YOUR ASSIGNMENT:
Would you restate each line of the data below word for word, without its pictures?

SOURCE DATA:
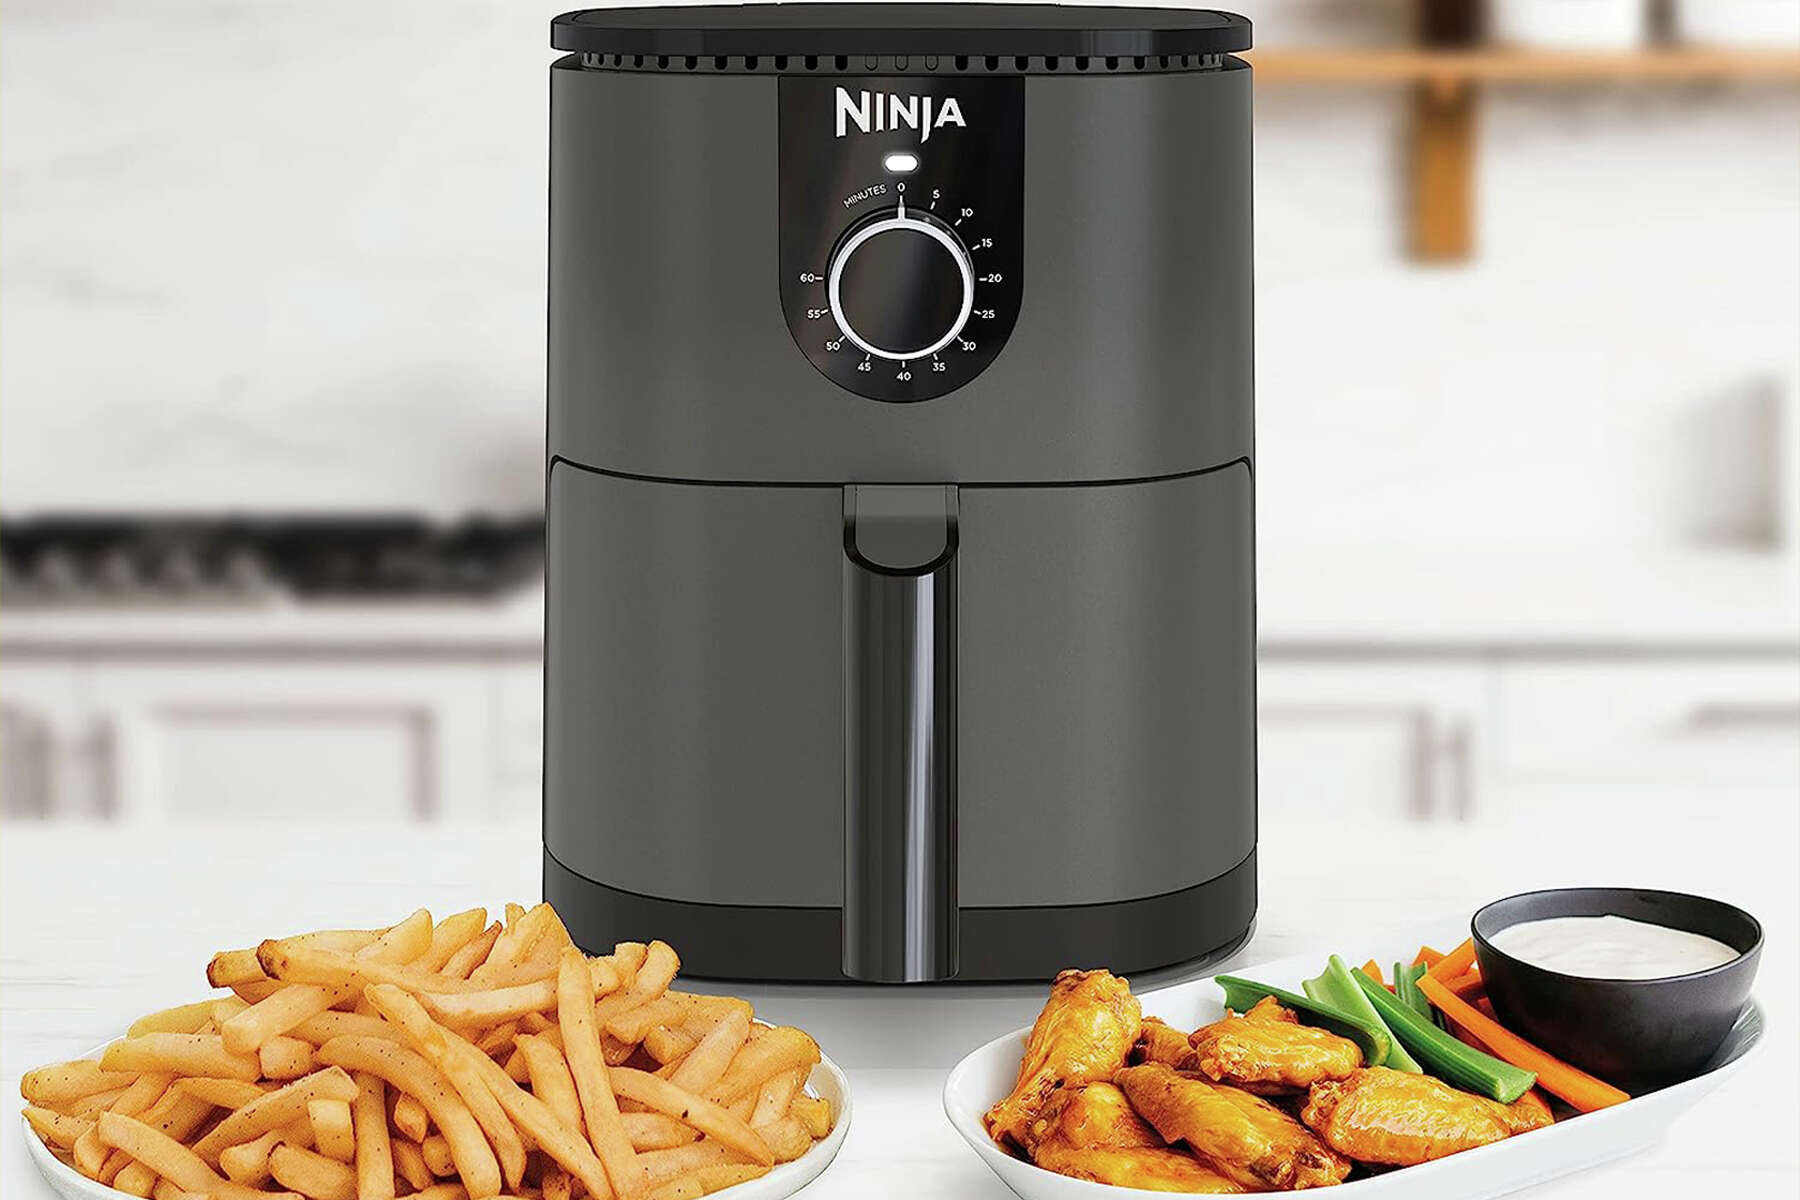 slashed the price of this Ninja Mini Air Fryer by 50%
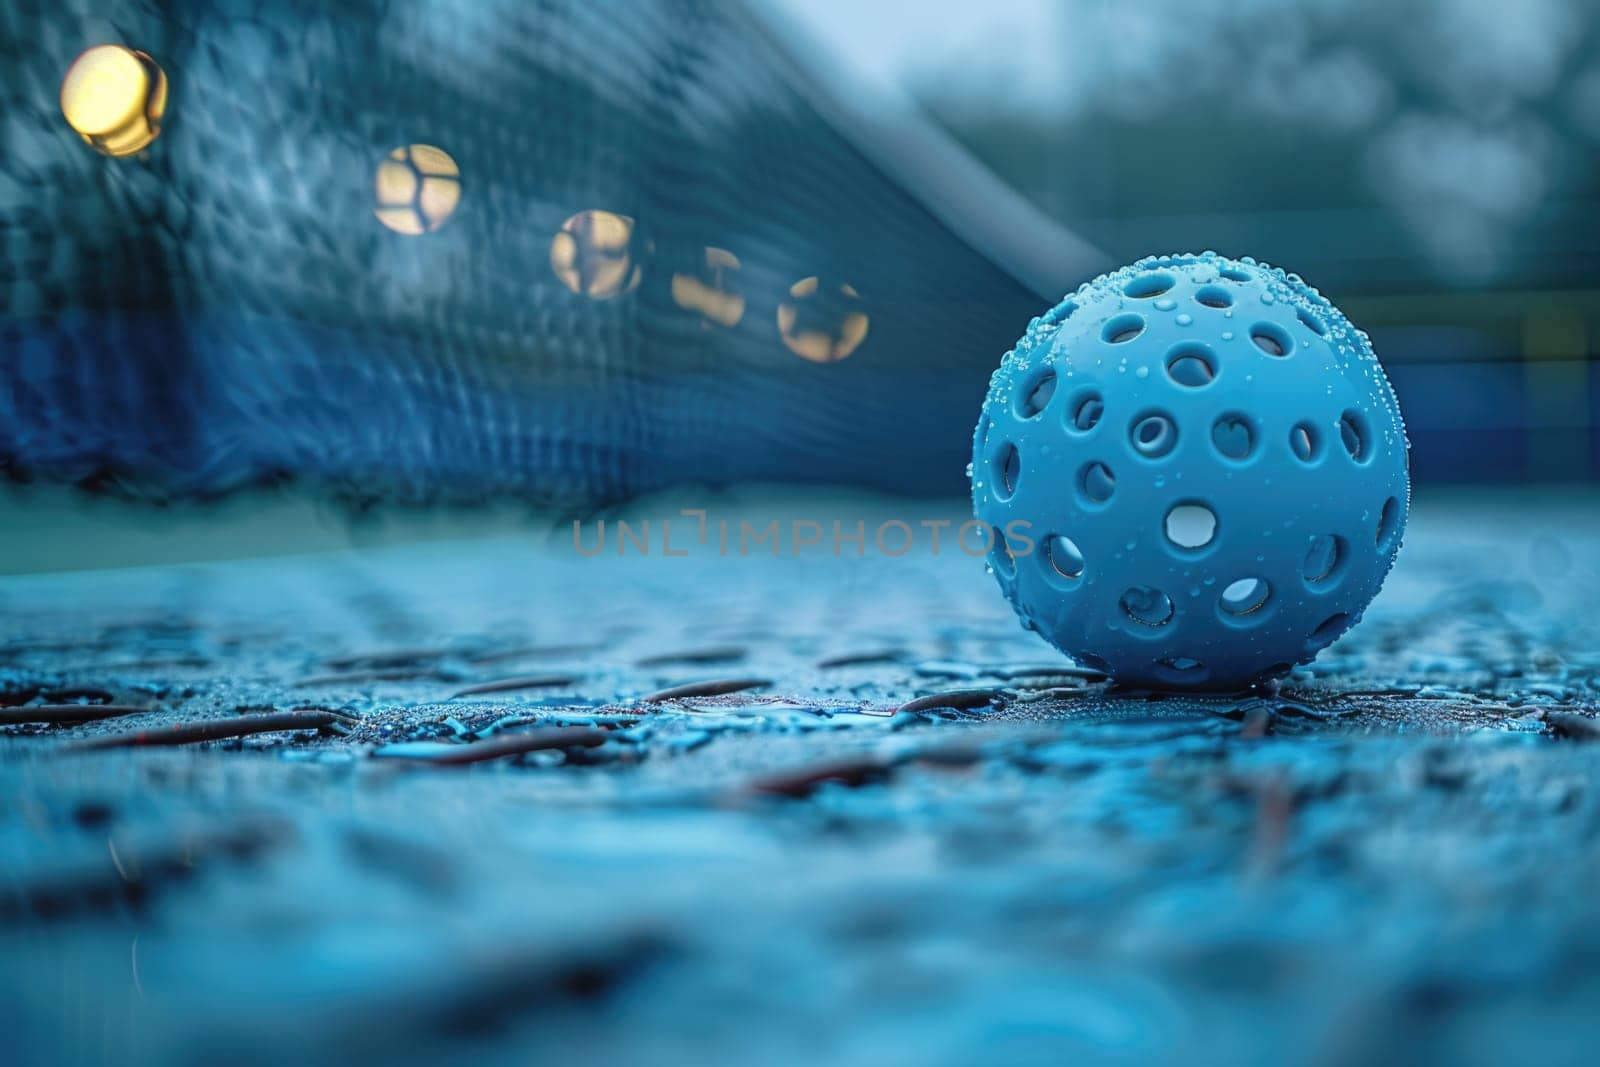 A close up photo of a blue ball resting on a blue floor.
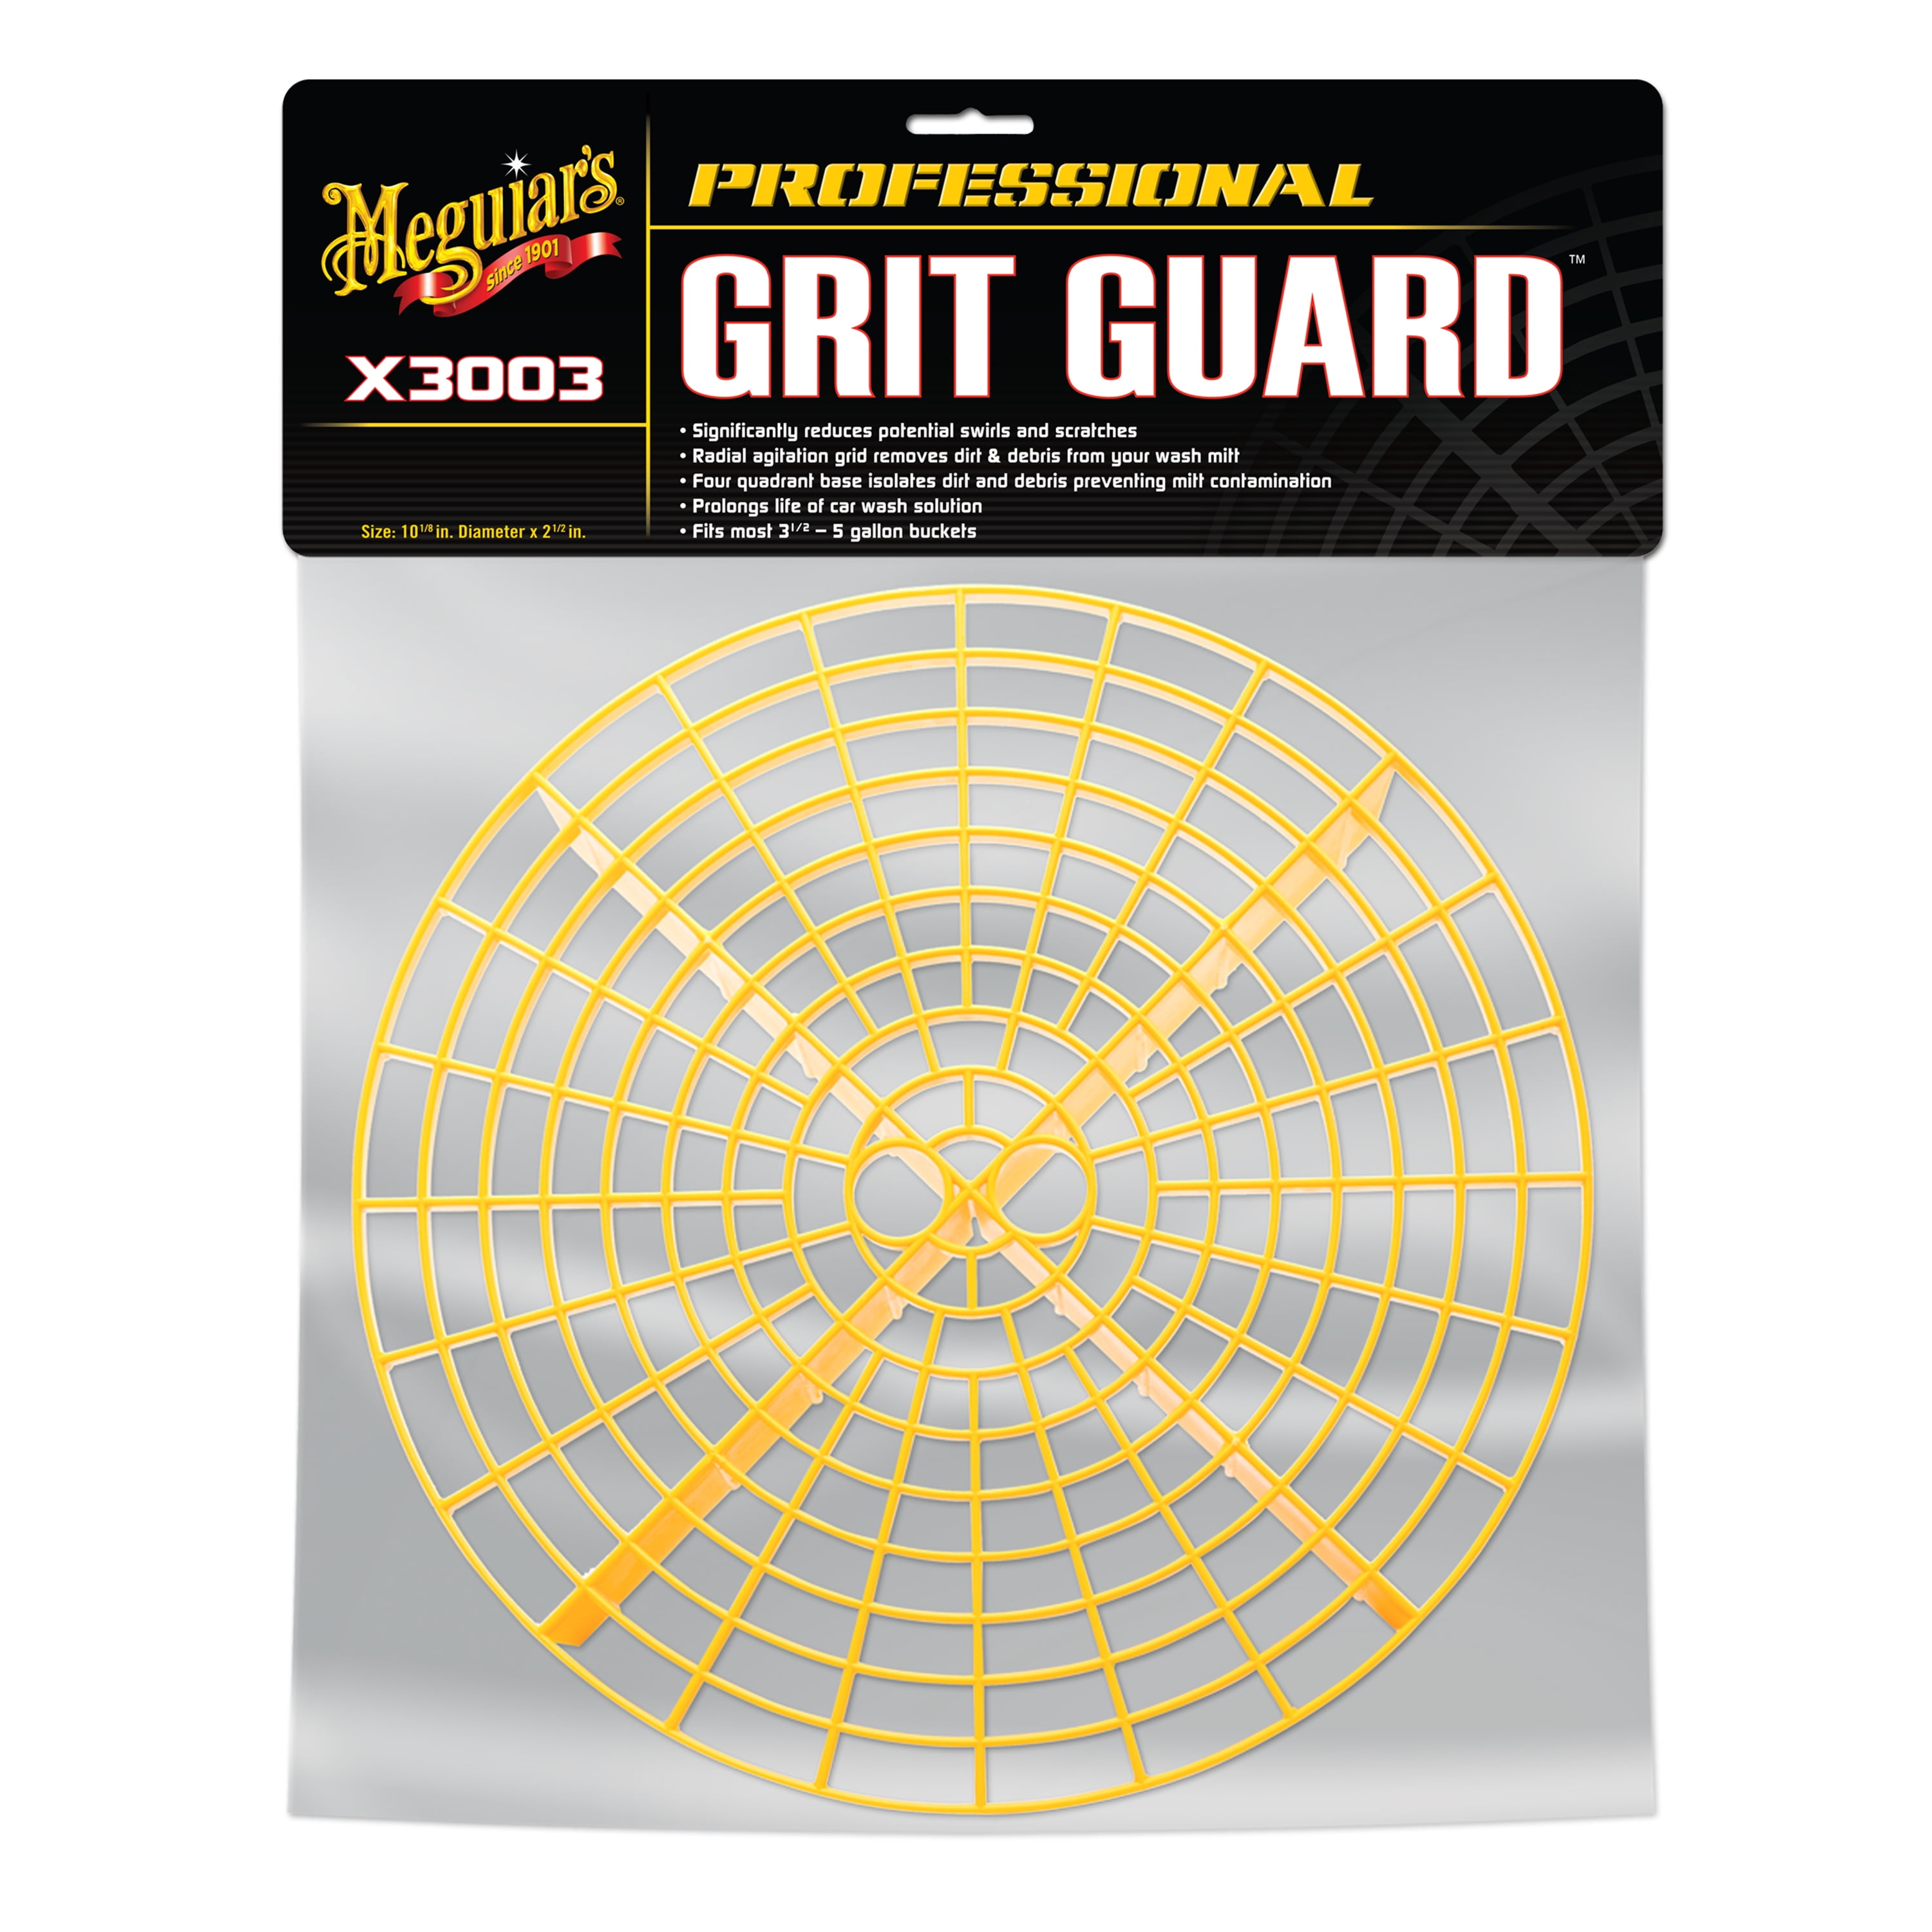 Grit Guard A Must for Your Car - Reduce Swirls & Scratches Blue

TASK OUTPUT:
 slashed the price of this Ninja Mini Air Fryer by 50%
 A close up photo of a blue ball resting on a blue floor.
 Grit Guard A Must for Your Car - Reduce Swirls & Scratches Blue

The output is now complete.